Karen L. King provides an analysis and discussion of a 4th century AD scrap of papyrus written in Coptic. The phrase “Jesus said to them, my wife” is the most interesting text as it supports the idea that Jesus was married. Her paper is available here. The fragment with translation and transliteration can be found here.
An analysis of the impact of the phrase is found here. Alan Boyle, author of the piece, suggests that the fragment represents Gnostic Christianity rather than Orthodox Christianity.
Some reflections by Evangelical Darrell Block here.
A couple of things to note:
1- The text as we have it is from the fourth century AD–though the original may be earlier. It tells us what some Christians of that period thought of Jesus, but does not necessarily tell us about Jesus of the first century.
2- It is a small fragment, without any context, making it very difficult to interpret.
3- The earliest first century documents about Jesus say nothing whatsoever about his marital status.

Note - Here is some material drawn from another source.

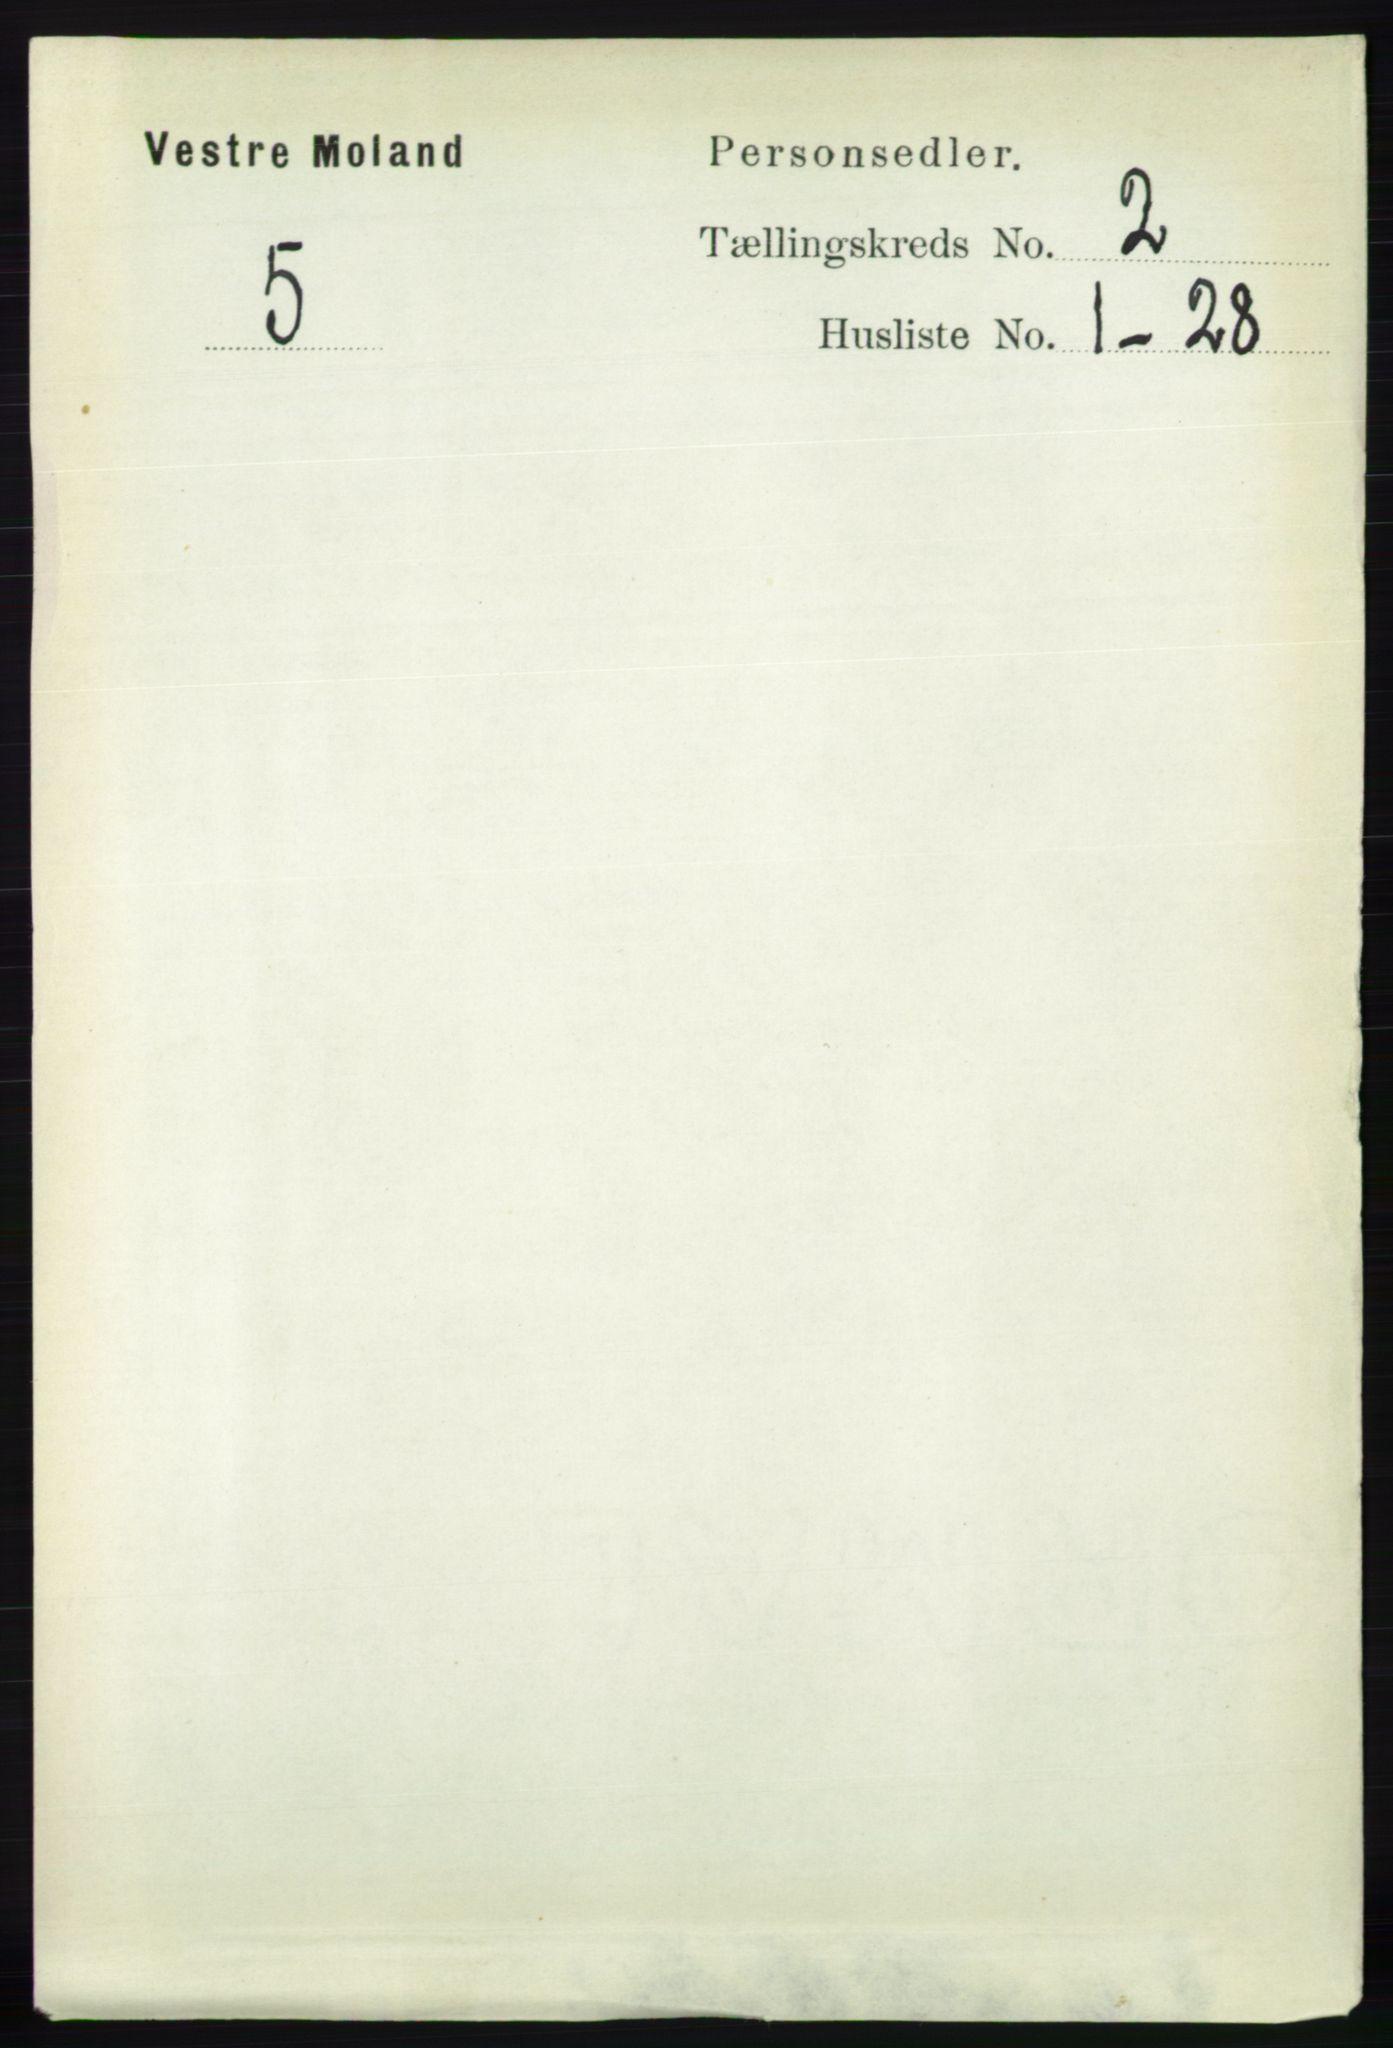 RA, Folketelling 1891 for 0926 Vestre Moland herred, 1891, s. 626
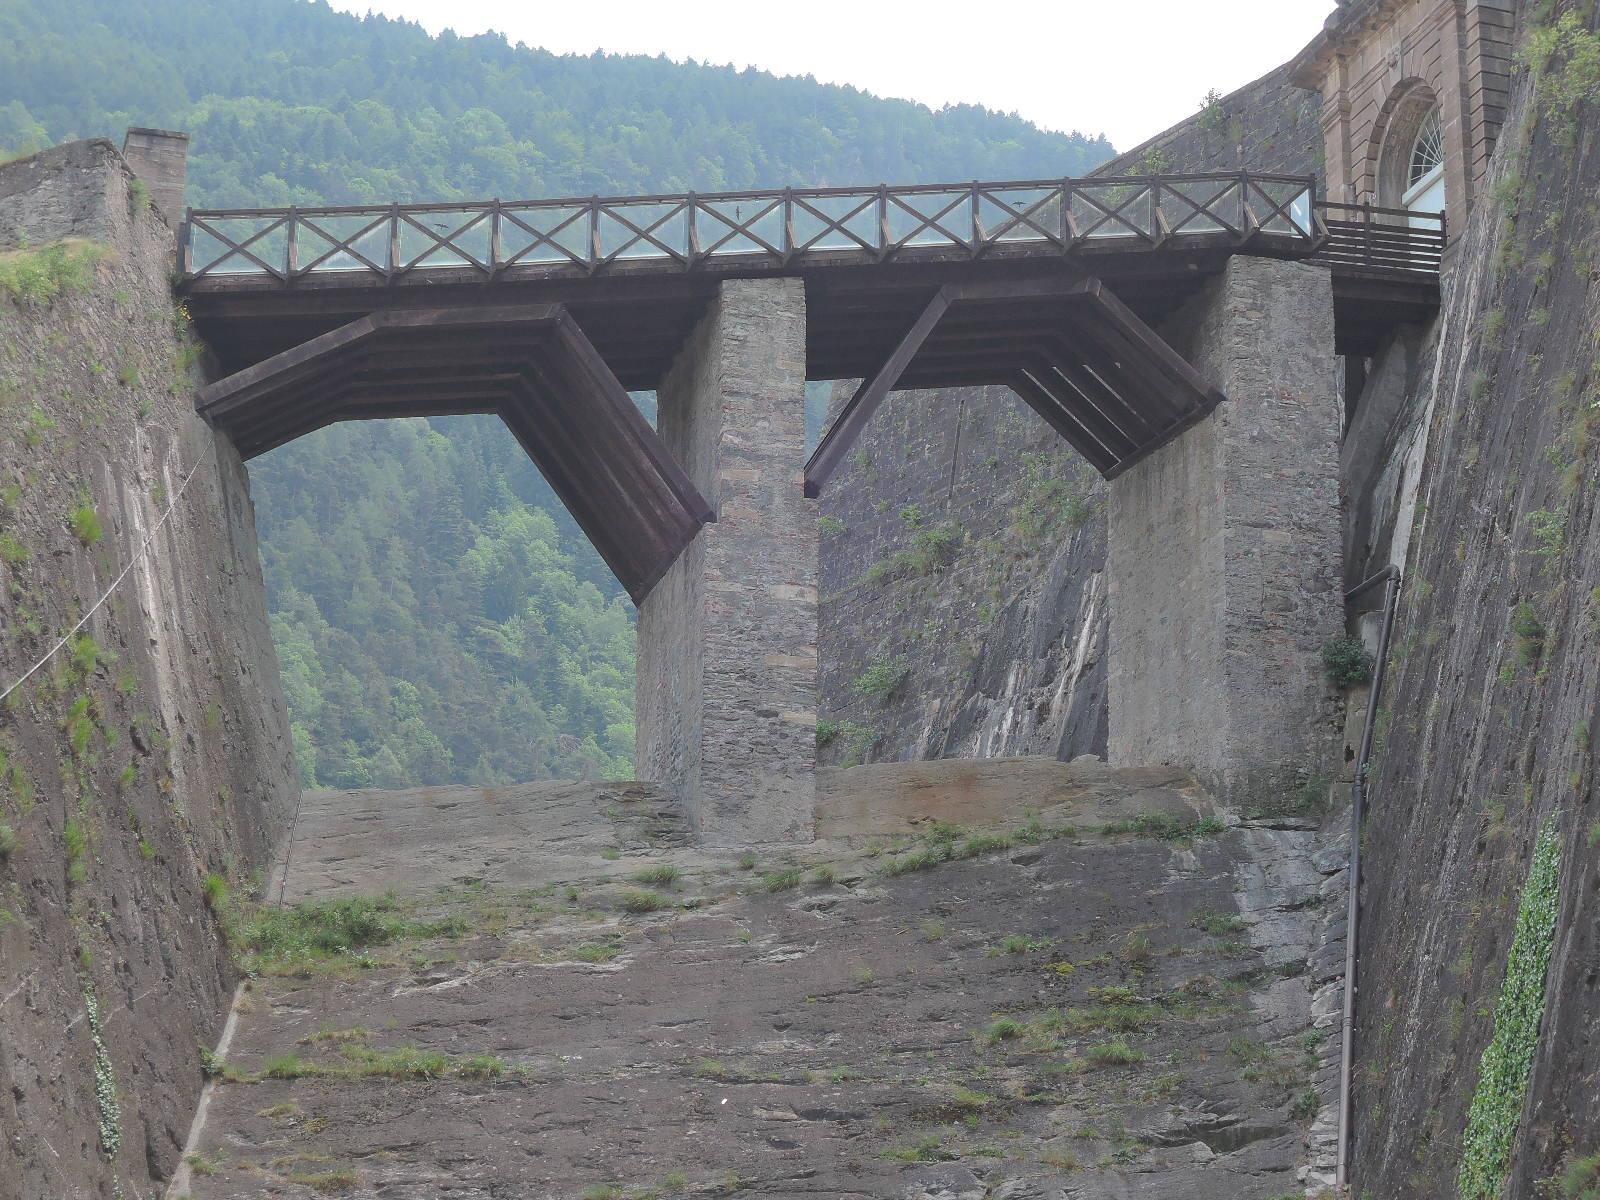 El puente de entrada a la fortaleza.

The fact that Jesus “never” spoke of his wife possibly could be the same reason why Heavenly Father never speaks of Heavenly Mother-respect for his wife. Jesus was the perfect example in all things so naturally we have to assume that he was married and these documents that mention his wife shouldn’t be the surprises they are. Christ’s apostles were married as we know and the places where Christ speaks about celibacy were specific cases where that particular person would be better not remarrying to fulfill the higher law of chastity that we don’t even live in today’s Mormonism. I refer to not being able to remarry after one divorces. Celibacy is a false interpretation for what Christ was teaching. Especially since modern revelation states we can’t attain the highest degree of the Celestial Kingdom without being sealed in the temple, obviously Christ is there, so he has to be married, he’s the one that stated the scripture through his modern prophet (D&C 131:1-4).
If there is anything alleged Mormons should have learned about Hofmann-sized scraps of paper, it is that: (1) it is an easy modern forgery, (2) it is a potential contemporary or early forgery, or (3) it was written by someone else with the popular name Jesus.
April DeConick from Rice University has a very good post regarding the fragment, as well. She puts it into a Valentinian Gnostic context. See here.
“But let’s keep in mind that we actually already have a text that mentions Jesus’ wife. It is the Gospel of Philip. We already know that there were some early Christians, in particular the Valentinian Gnostics, who taught that Mary Magdalene was Jesus’ consort or wife. They wrote about it in the Gospel of Philip.
“The reason that their tradition remembered Mary in this way is because they believed that marriage was the sacred creative activity of God and God’s manifestations or Aeons. They also believed that their own human marriages were reflections – what they called “an image” – of the eternal marriages of the Aeons. Jesus’ human marriage to Mary Magdalene was believed to reflect the sacred marriage of the Aeons Jesus and Sophia.”
Note that for many Gnostics, Jesus the mortal and Jesus the Aeon (aka Christ God) were two separate beings. That the earthly marriage reflected the eternal marriage of the Aeons or divine beings does have interesting connotations in light of LDS view of eternal marriage.